Dalla dichiarazione non veritiera, pur se resa in buona fede, in considerazione dell’asserita necessità di superare le difficoltà tecniche collegate alla piattaforma telematica, deriva l’obbligo di segnalazione immediata – sia dell’inesatto contenuto della propria dichiarazione sia delle problematiche del sistema- nei confronti dell’Amministrazione che gestisce il m.e.p.a., già prima della partecipazione ad una specifica gara, in quanto solo l’Amministrazione può, da un lato, valutare le conseguenze della dichiarazione non veritiera e prevenire eventuali indebiti vantaggi e, dall’altro lato, indicare all’operatore la soluzione già esistente o, se necessario, intervenire sul sistema, risolvendo il problema riscontrato nei confronti di tutti gli operatori, che altrimenti, potrebbero subire un pregiudizio. Tale obbligo sorge in virtù del dovere di buona fede e di quello di comportarsi correttamente e diligentemente, che sono proiezioni dei doveri di solidarietà sociale di cui all’art. 2 Cost. e dovere di neminem laedere di cui all’art. 2043 c.c., ed incombono, quindi, su tutti gli operatori economici, anche in fasi indipendenti o solo propedeutiche rispetto alla gara o alla conclusione del contratto.

In proposito deve evidenziarsi che l’introduzione di una dichiarazione non veritiera in una piattaforma digitale pubblica può avere effetti e conseguenze che sfuggono al controllo ed alla previsione dello stesso operatore economico, il quale è, quindi, tenuto, nel suo interesse, a segnalare l’inesattezza o imprecisione contenuta nella dichiarazione, per conformare la sua azione ai parametri di diligenza pretesi nei settori pubblici (Cons.
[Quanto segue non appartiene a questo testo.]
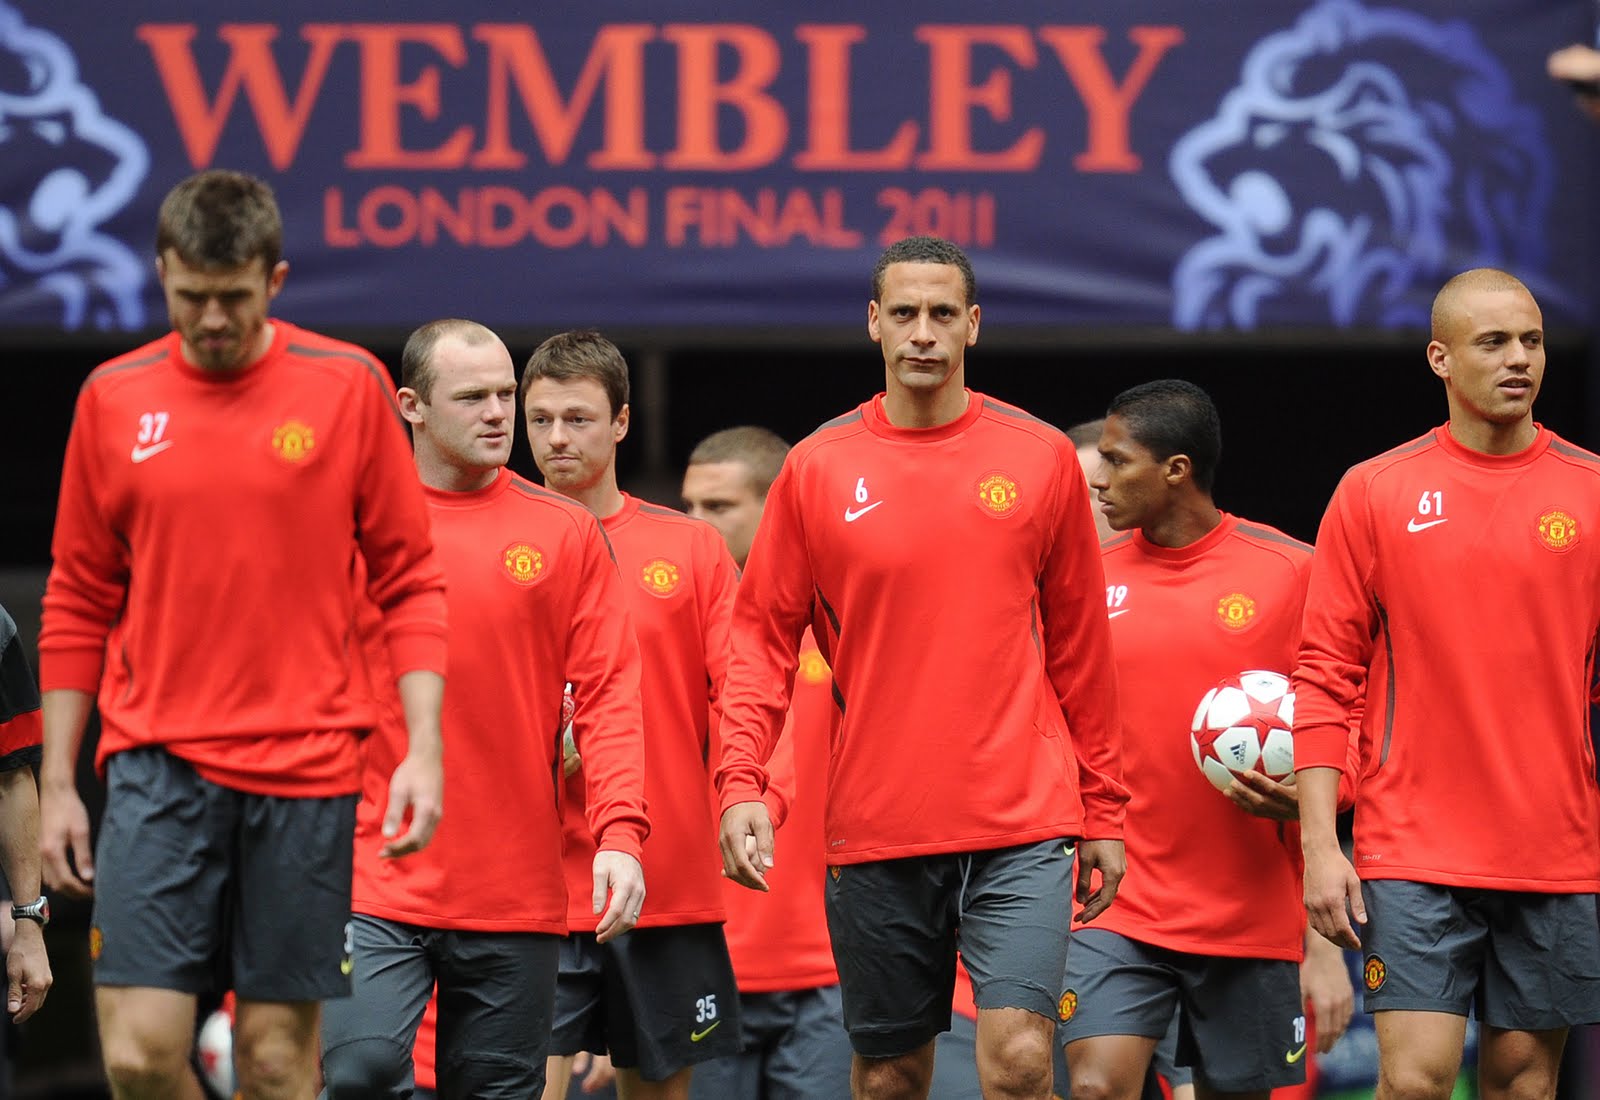 Man Utd At Wembley | Epl Football Wallpaper For Android: Man Utd At Wembley

Stato, Sez. V, 25 settembre 2024, n. 7798, secondo cui le imprese che partecipano a gare d’appalto pubbliche devono dimostrare un elevato grado di professionalità e diligenza, superiore alla media: questa diligenza non riguarda solamente l’esecuzione del contratto, ma si estende anche alle fasi preliminari e di preparazione, incluse la redazione dei documenti necessari per partecipare alla gara).

Inoltre, tale dichiarazione non veritiera può avere conseguenze sugli altri operatori economici, per cui, anche la buona fede, che impone di salvaguardare l’interesse altrui, comporta l’obbligo di un avviso immediato, strumentale a porre gli altri operatori nelle stesse condizioni. Del resto, gli obblighi di correttezza e buona fede sono stati esplicitati dal d.lgs. n. 36 del 2023, agli artt. 2, comma 1, e 5, comma 1, ma costituiscono applicazioni dei principi e delle regole generali già vigenti nell’ordinamento.